= List of Oricon number-one albums of 1999 =

These are the Oricon number one albums of 1999, per the Oricon Albums Chart.

==Chart history==

Key
| † | Indicates best-selling album of 1999 |

| Issue Date | Album | Artist(s) | Sales |
| 11 January | A Song for ×× | Ayumi Hamasaki | 548,210 |
| 18 January | 169,570 |
| 25 January | People Of The World | J-Friends | 503,610 |
| 1 February | A Song for ×× | Ayumi Hamasaki | 103,800 |
| 8 February | 86,320 |
| 15 February | Discovery | Mr. Children | 1,110,370 |
| 22 February | Kahala Compilation | Tomomi Kahala | 424,030 |
| 1 March | Eien | Zard | 613,130 |
| 8 March | H | Hitomi | 248,620 |
| 15 March | 120,890 |
| 22 March | First Love † | Hikaru Utada | 2,026,870 |
| 29 March | 717,610 |
| 5 April | SA | Ami Suzuki | 1,058,510 |
| 12 April | Every Best Single +3 | Every Little Thing | 1,007,670 |
| 19 April | First Love † | Hikaru Utada | 428,520 |
| 26 April | 222,230 |
| 3 May | The Monster | Dreams Come True | 571,610 |
| 10 May | Hide Tribute Spirits | Various Artists | 384,180 |
| 17 May | First Love † | Hikaru Utada | 298,360 |
| 24 May | 258,780 |
| 31 May | ID | Nanase Aikawa | 513,210 |
| 7 June | Zard Best the Single Collection: Kiseki | Zard | 1,307,020 |
| 14 June | 766,120 |
| 21 June | 298,330 |
| 28 June | 184,650 |
| 5 July | Greatest Hits 1990-1999 | Tomoyasu Hotei | 513,810 |
| 12 July | Ark | L'Arc-en-Ciel | 1,533,110 |
| 19 July | 293,190 |
| 26 July | Brotherhood | B'z | 1,019,270 |
| 2 August | Viva La Revolution | Dragon Ash | 804,190 |
| 9 August | 319,730 |
| 16 August | C Album | KinKi Kids | 451,230 |
| 23 August | 138,180 |
| 30 August | "Lucky" 20th Century, Coming Century To Be Continued... | V6 | 152,370 |
| 6 September | No Doubt | Chage & Aska | 152,030 |
| 13 September | Golden Best | Yosui Inoue | 109,240 |
| 20 September | 1/42 | Mr.

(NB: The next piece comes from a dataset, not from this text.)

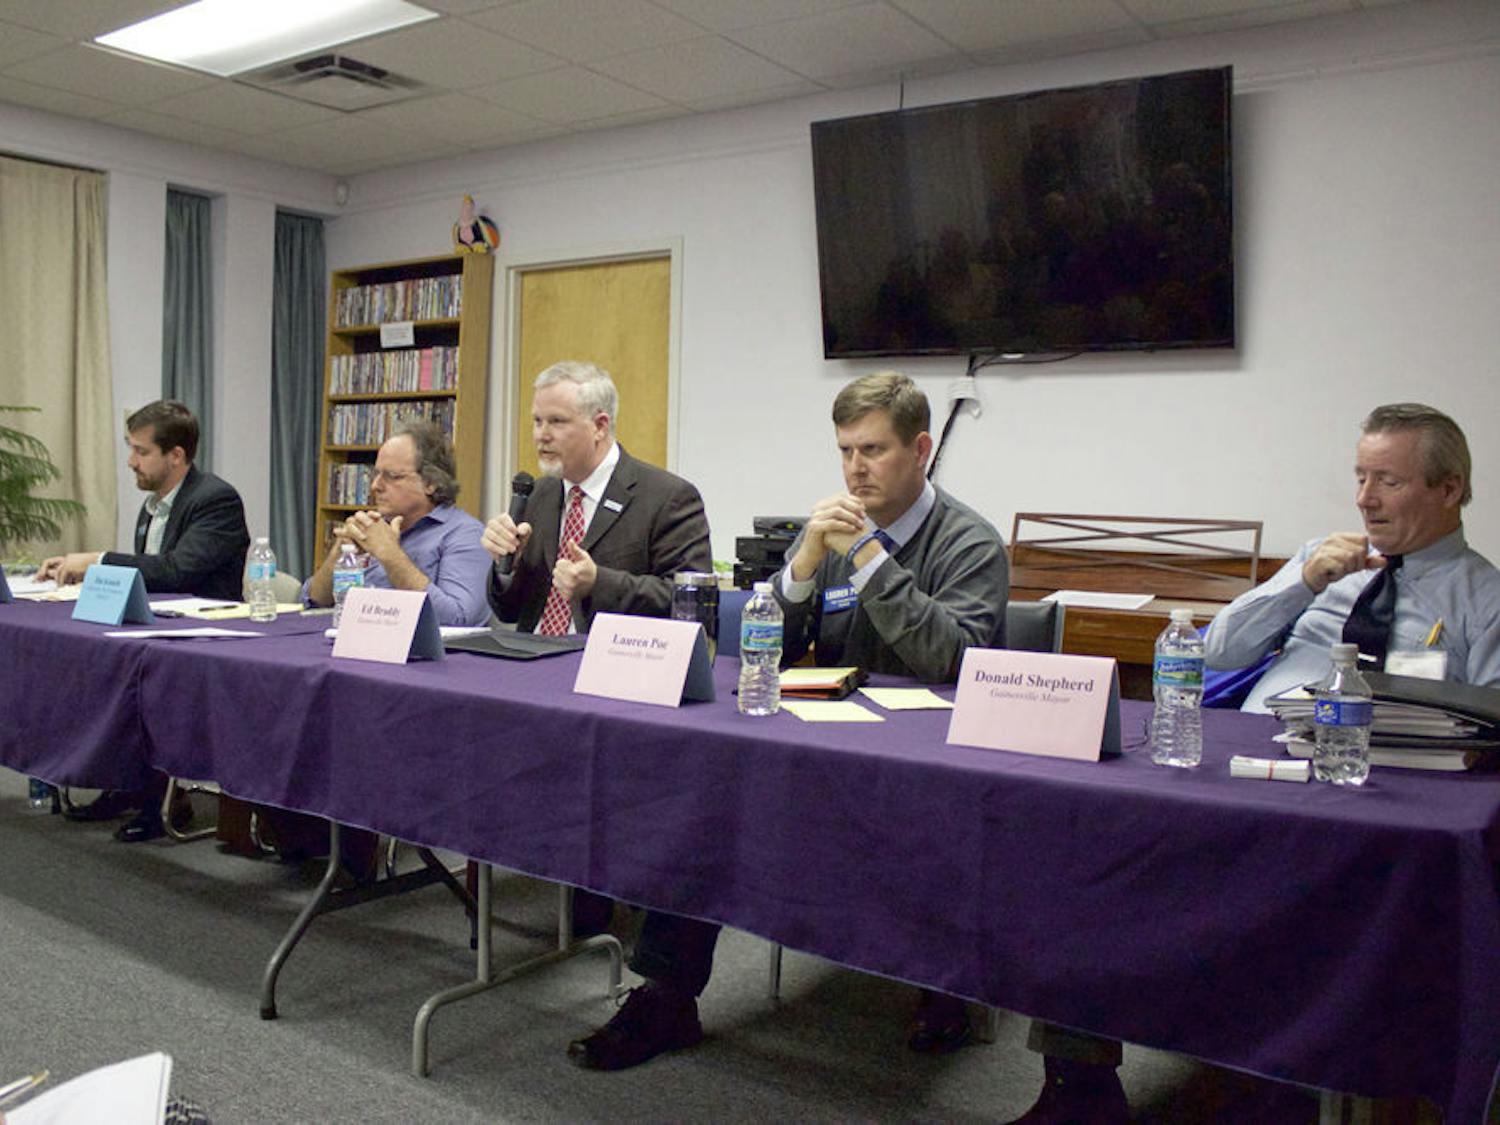 From left, Adrian Hayes-Santos, Jim Konish, Mayor Ed Braddy, Lauren Poe and Donald Shepherd Sr. participate in a city elections forum at the Pride Community Center of North Central Florida on Monday night.

Children | 411,080 |
| 27 September | Zard Best: Requested Memorial | Zard | 902,420 |
| 4 October | Cruise Record 1995-2000 | Globe | 1,664,330 |
| 11 October | Maximum Collection | MAX | 456,070 |
| 18 October | Cruise Record 1995-2000 | Globe | 183,820 |
| 25 October | Yuzuen | Yuzu | 506,370 |
| 1 November | Heavy Gauge | Glay | 1,569,290 |
| 8 November | 305,390 |
| 15 November | Colorado | Tina | 151,330 |
| 22 November | Loveppears | Ayumi Hamasaki | 1,201,870 |
| 29 November | 241,620 |
| 6 December | 178,600 |
| 13 December | The Very Best | Celine Dion | 134,830 |
| 20 December | Magnum Collection 1999 "Dear" | Masaharu Fukuyama | 373,790 |
| 27 December | Recycle: Greatest Hits of Spitz | Spitz | 578,630 |

==Annual==
- Number-one album of 1999: First Love by Hikaru Utada.
- Most weeks at number-one: Ayumi Hamasaki with a total of 7 weeks.